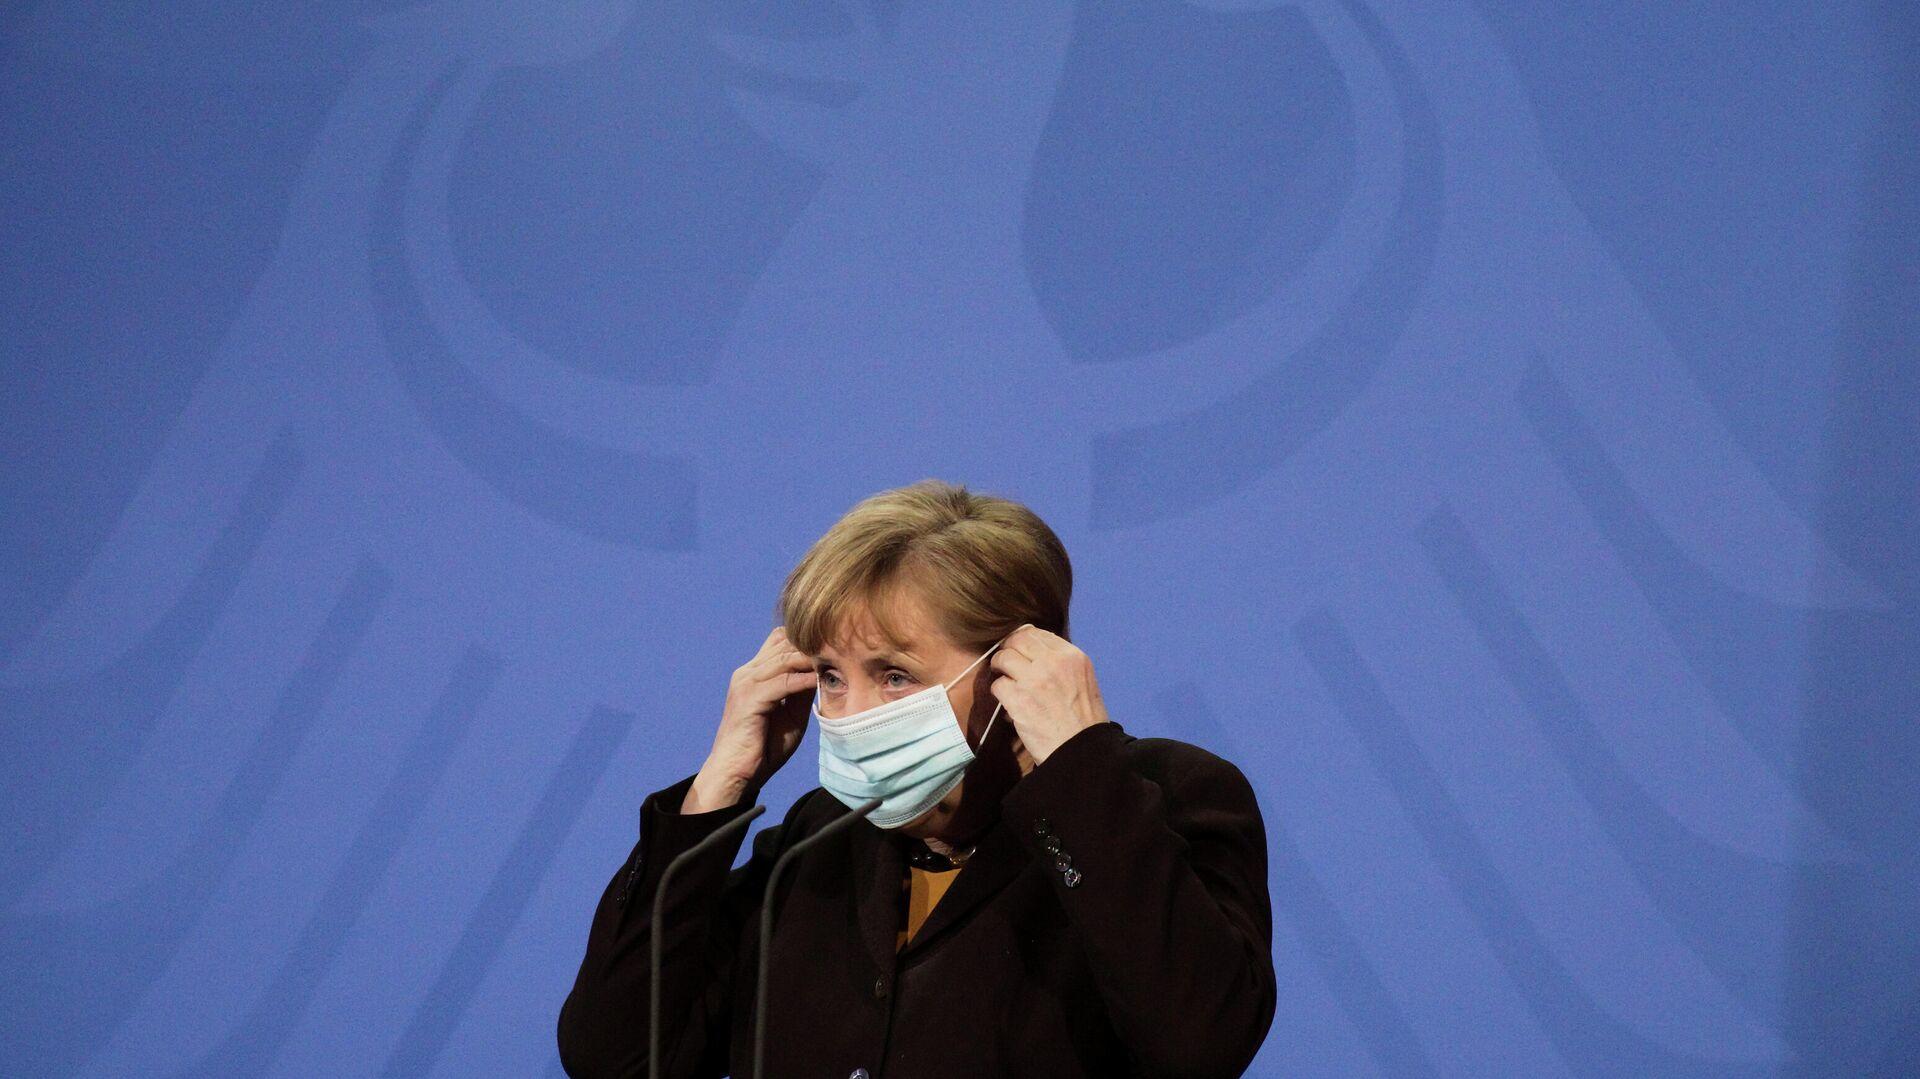 Angela Merkel, canciller alemana - Sputnik Mundo, 1920, 12.04.2021
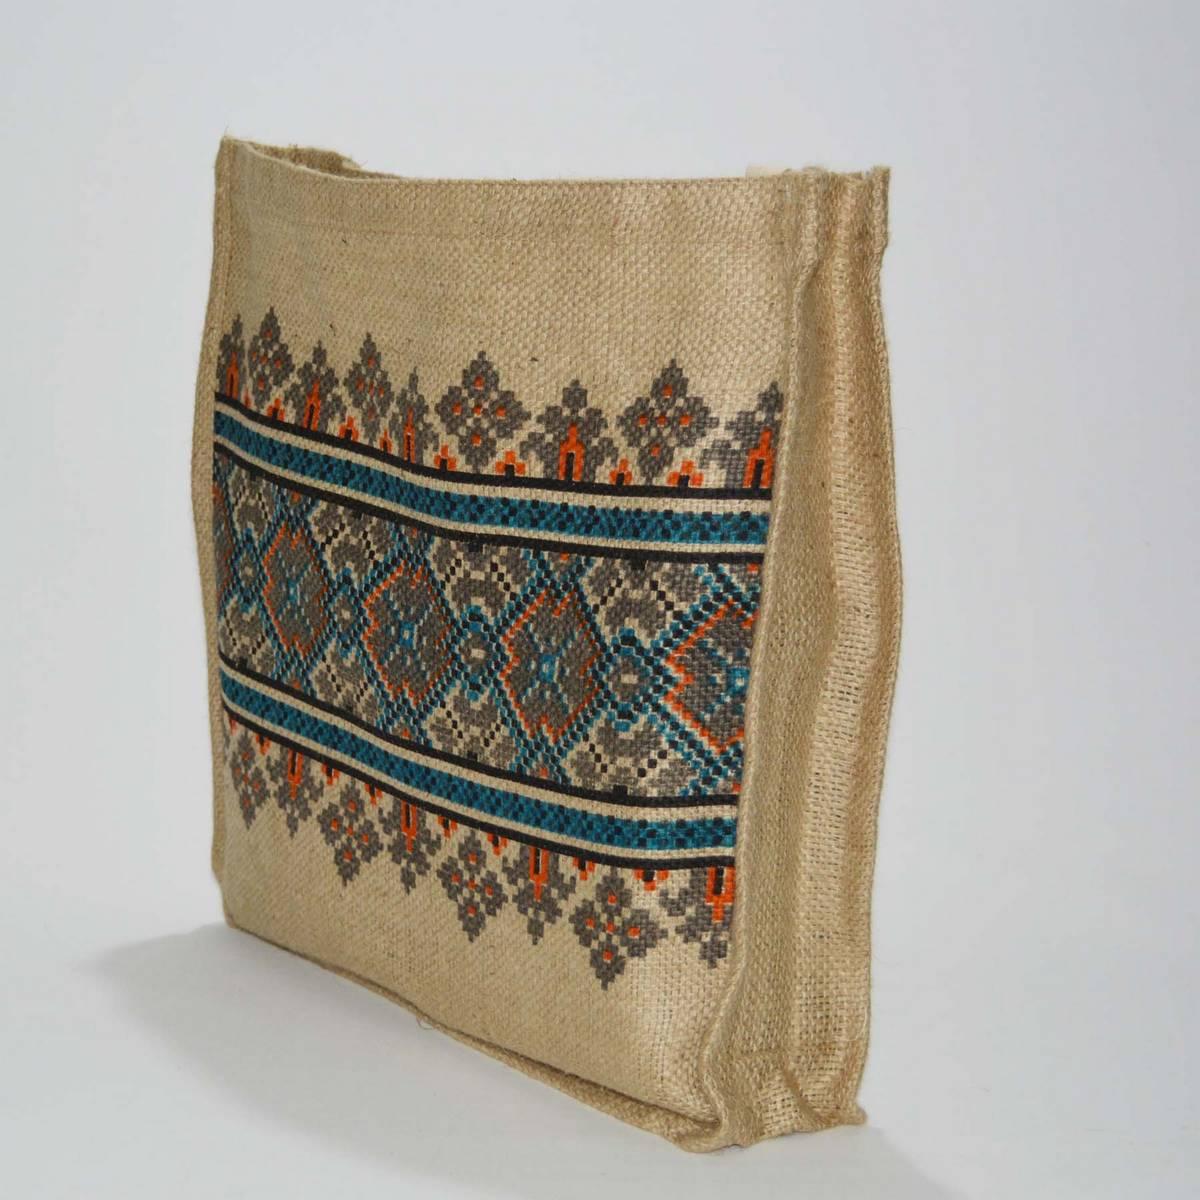 Jute Tote Bag Soft Cotton Handles Reusable Grocery Shopping Bag I Flaire
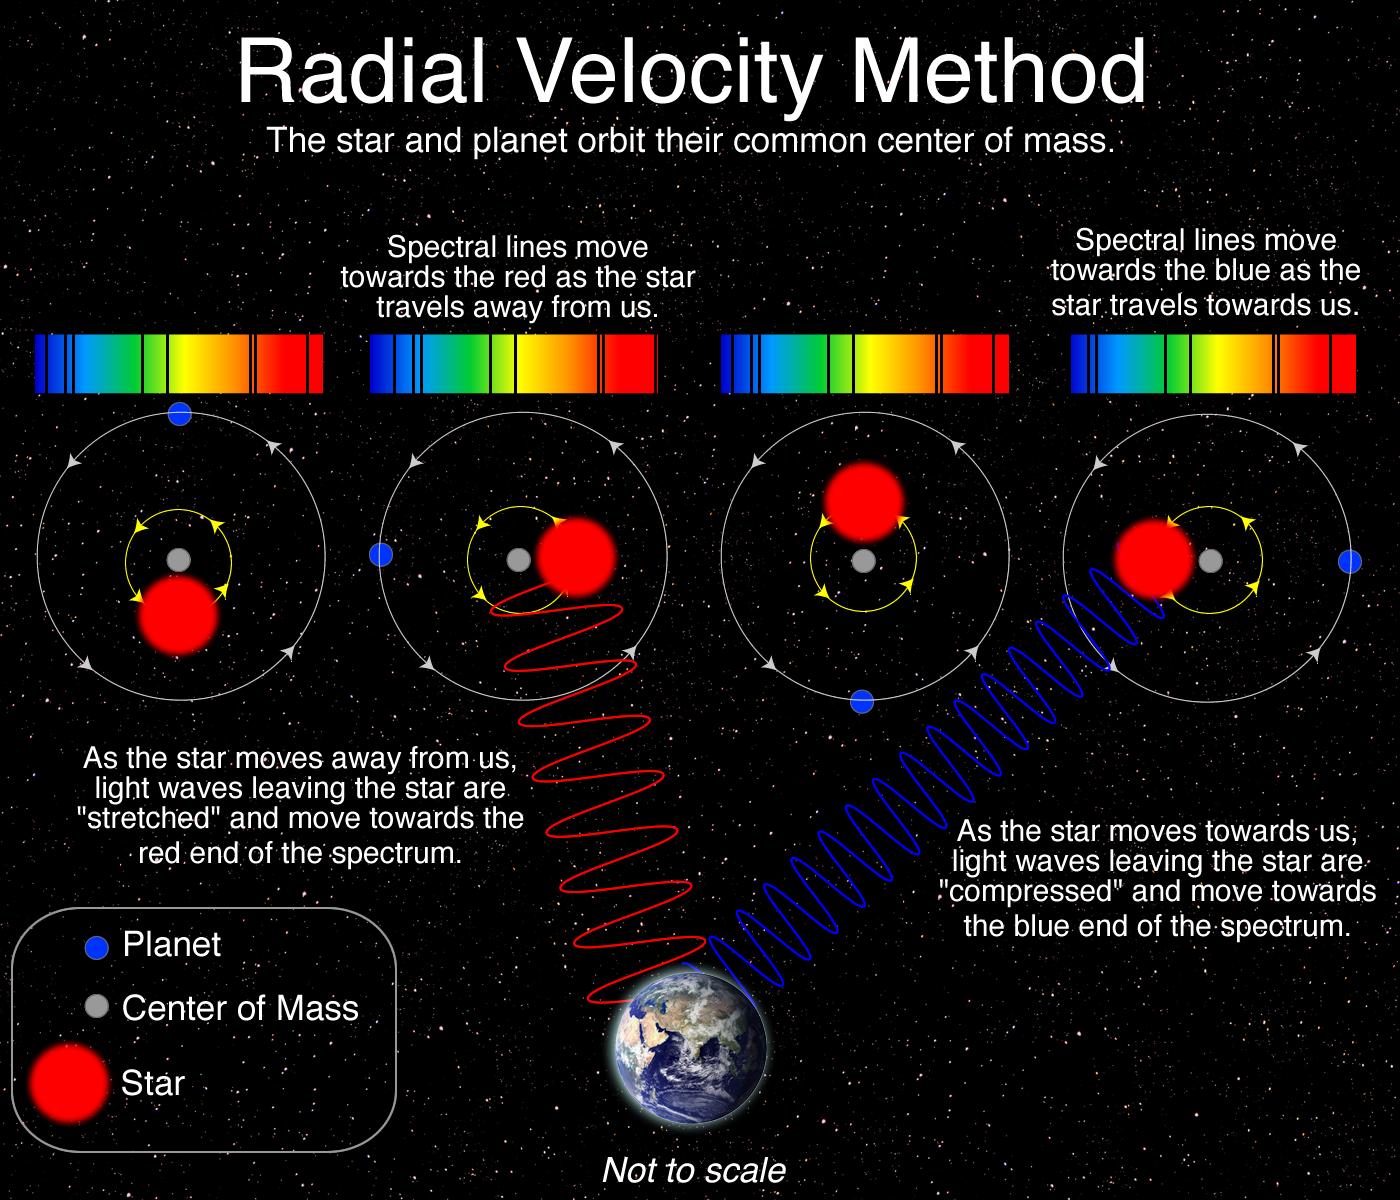 Source: https://lco.global/spacebook/radial-velocity-method/

REQUIREMENT> Write out all of the data above exactly, pictures excluded.

EXERCISE RESULT>
 Angela Merkel, canciller alemana - Sputnik Mundo, 1920, 12.04.2021
 Jute Tote Bag Soft Cotton Handles Reusable Grocery Shopping Bag I Flaire
 Source: https://lco.global/spacebook/radial-velocity-method/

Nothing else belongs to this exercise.